Relatively less is known about the nucleotide modifications in lncRNAs. It has been shown that the lncRNA XIST has at least 78 m6A residues which are essential for XIST function in X chromosome inactivation (Patil et al., 2016). Several other lncRNAs, including MALAT1, TUG1, and NEAT1, also contain multiple m6A sites, but their roles are still unclear (Wang and He, 2014). Further research is needed to elucidate the patterns and roles of lncRNA nucleotide modifications; genomic data mining methods can facilitate this endeavor. Although several machine learning models have been developed to predict m6A sites from mRNA sequences (Zhou et al., 2016; Zhang and Hamada, 2018; Zou et al., 2019), it remains to be determined whether these models can also be used for lncRNA functional annotation.

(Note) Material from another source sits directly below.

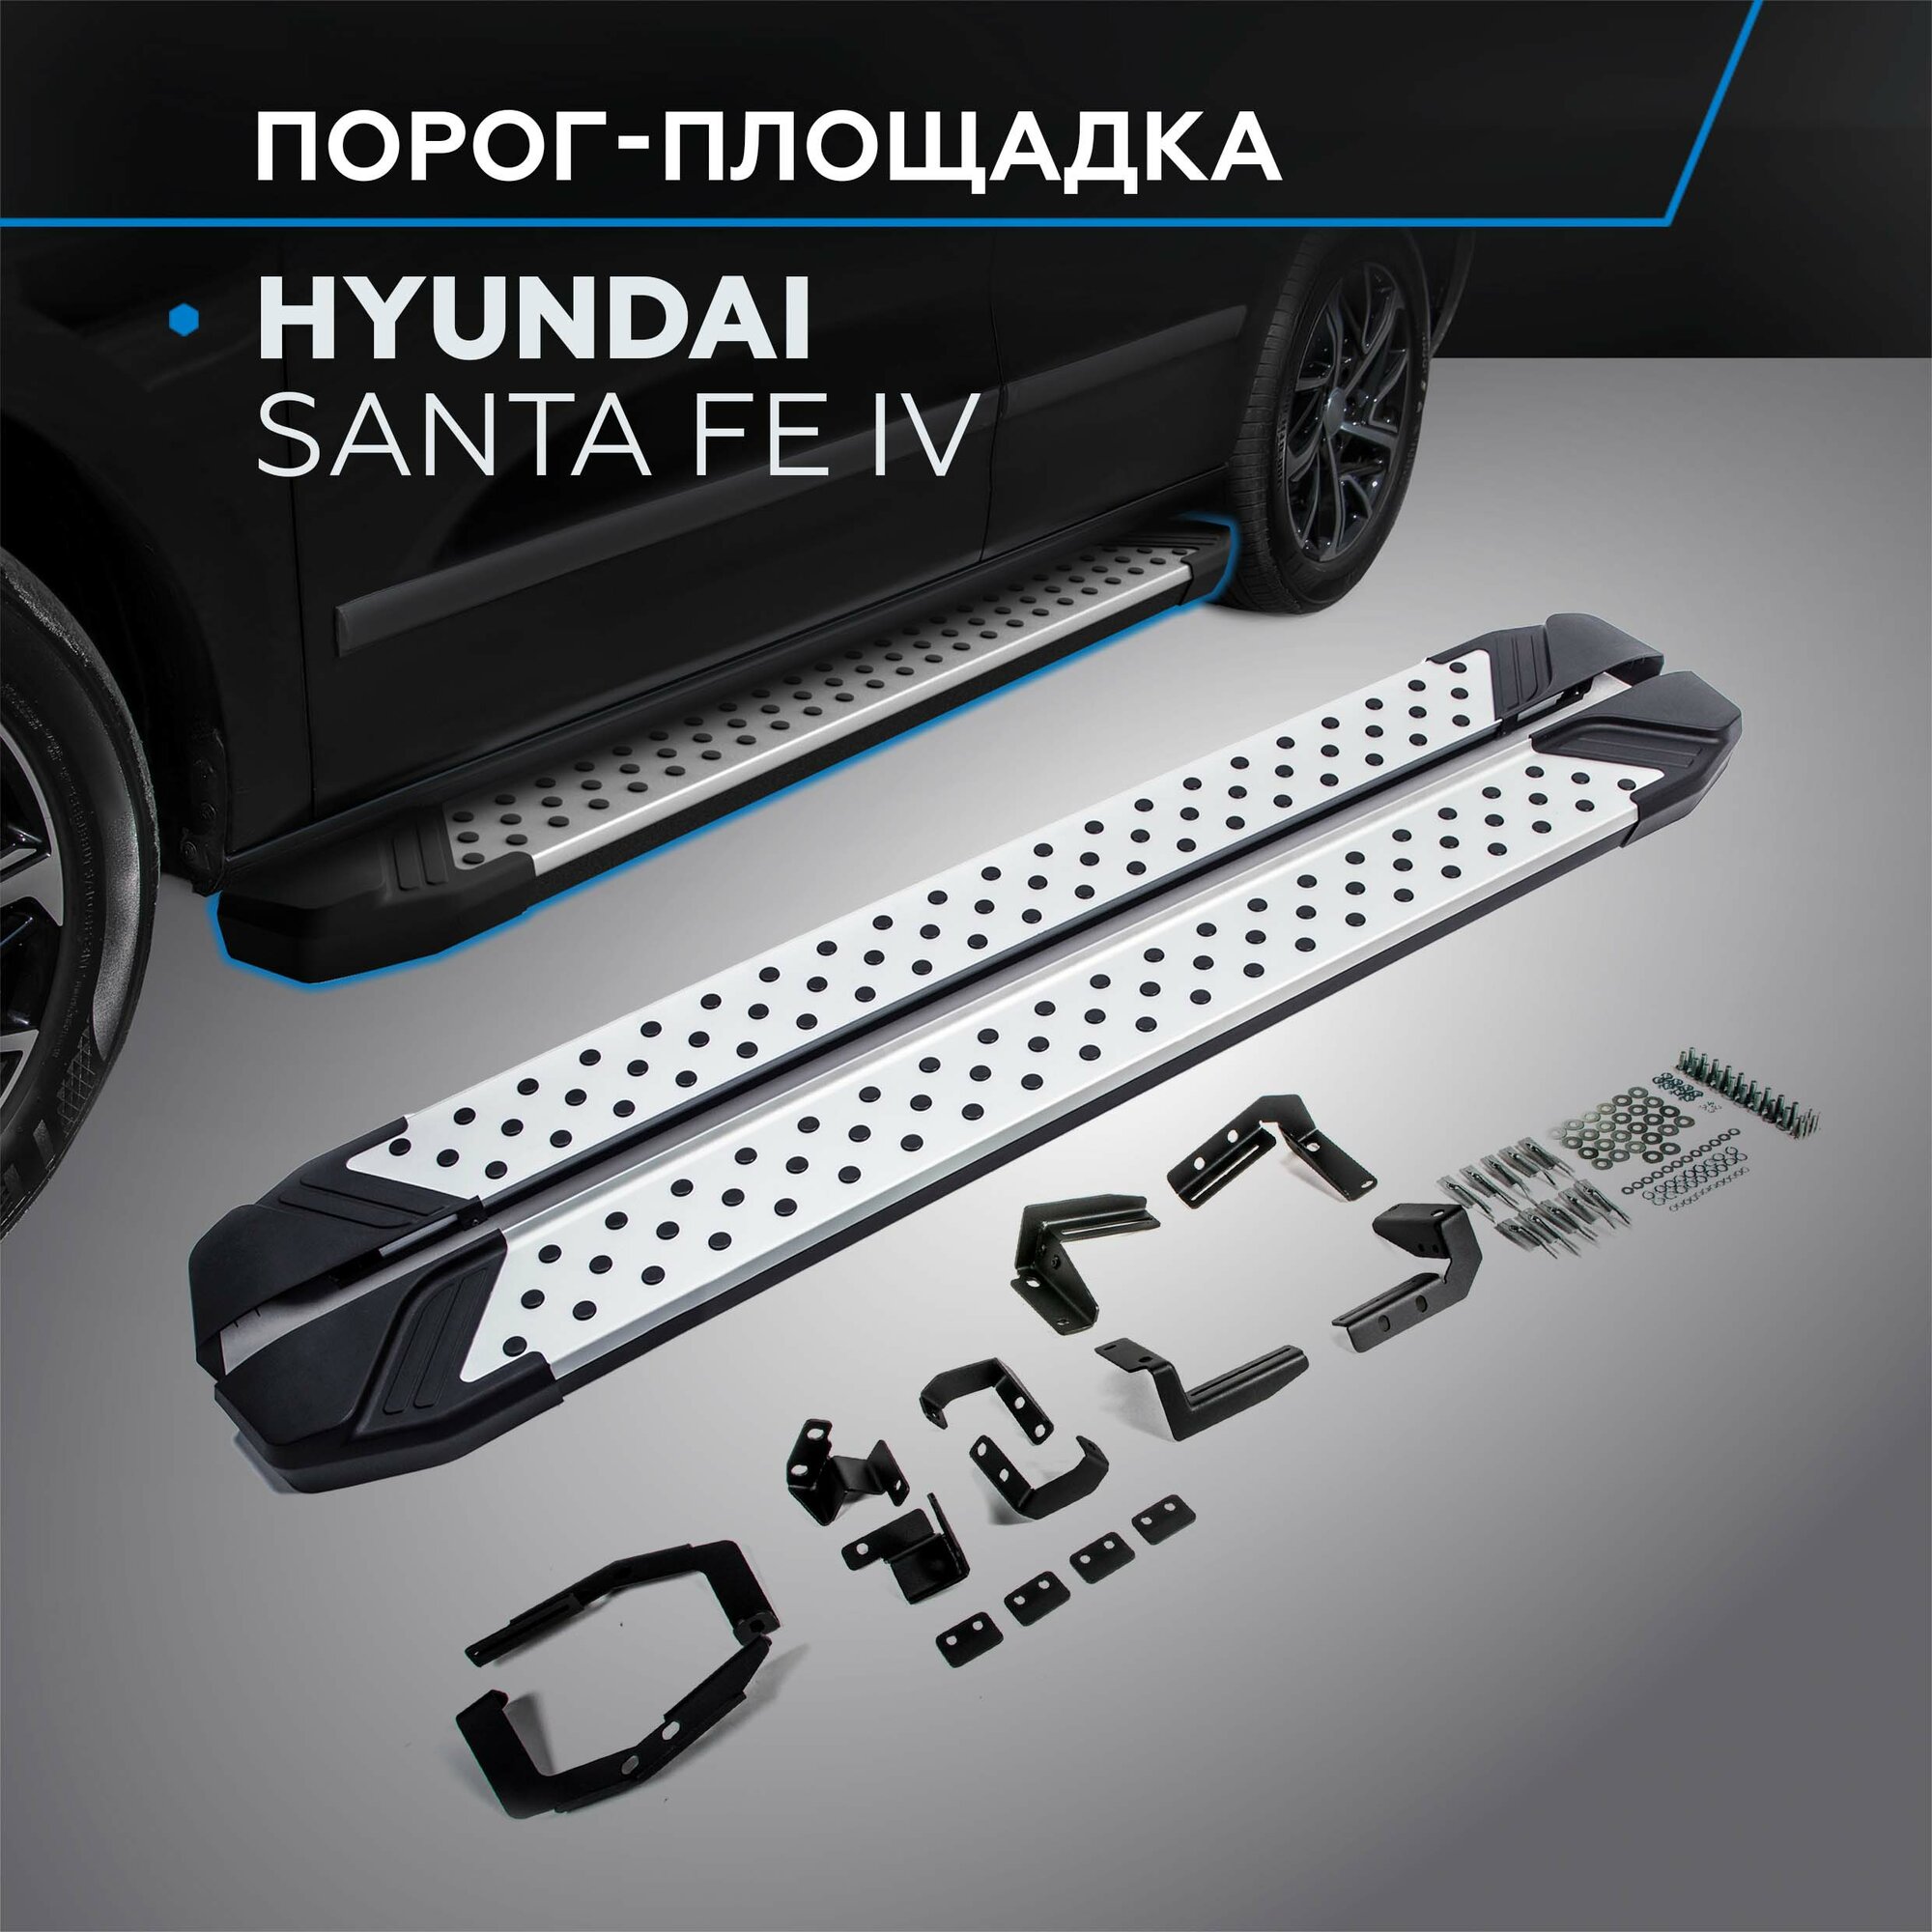 Пороги на автомобиль "Bmw-Style круг" Rival для Hyundai Santa Fe IV 2018-2021, 180 см, 2 шт, алюминий, D180AL.2307.1

9. RNA–protein interactions
Many functions of lncRNAs are mediated by their interactions with RNA-binding proteins (Ferrè et al., 2016). For instance, some lncRNAs regulate chromatin status by interacting with chromatin modifiers such as PRC2 (Davidovich and Cech, 2015; Jin et al., 2018). LncRNAs can be involved in organizing 3D genome architecture by interacting with proteins such as the CCCTC-binding factor (CTCF) (Sun et al., 2013; Kung et al., 2015). RNA–protein interactions are also essential for the lncRNA NEAT1 to organize nuclear paraspeckles (Clemson et al., 2009). Moreover, lncRNAs may interact with transcription factors to modulate their regulatory activities on gene expression (Ponting et al., 2009; Wang and Chang, 2011). The importance of lncRNA–protein interactions is further evidenced by their involvement in human diseases, including cancer (Huarte et al., 2010; Yang et al., 2018) and neurological disorders (Guo et al., 2018; Li et al., 2019).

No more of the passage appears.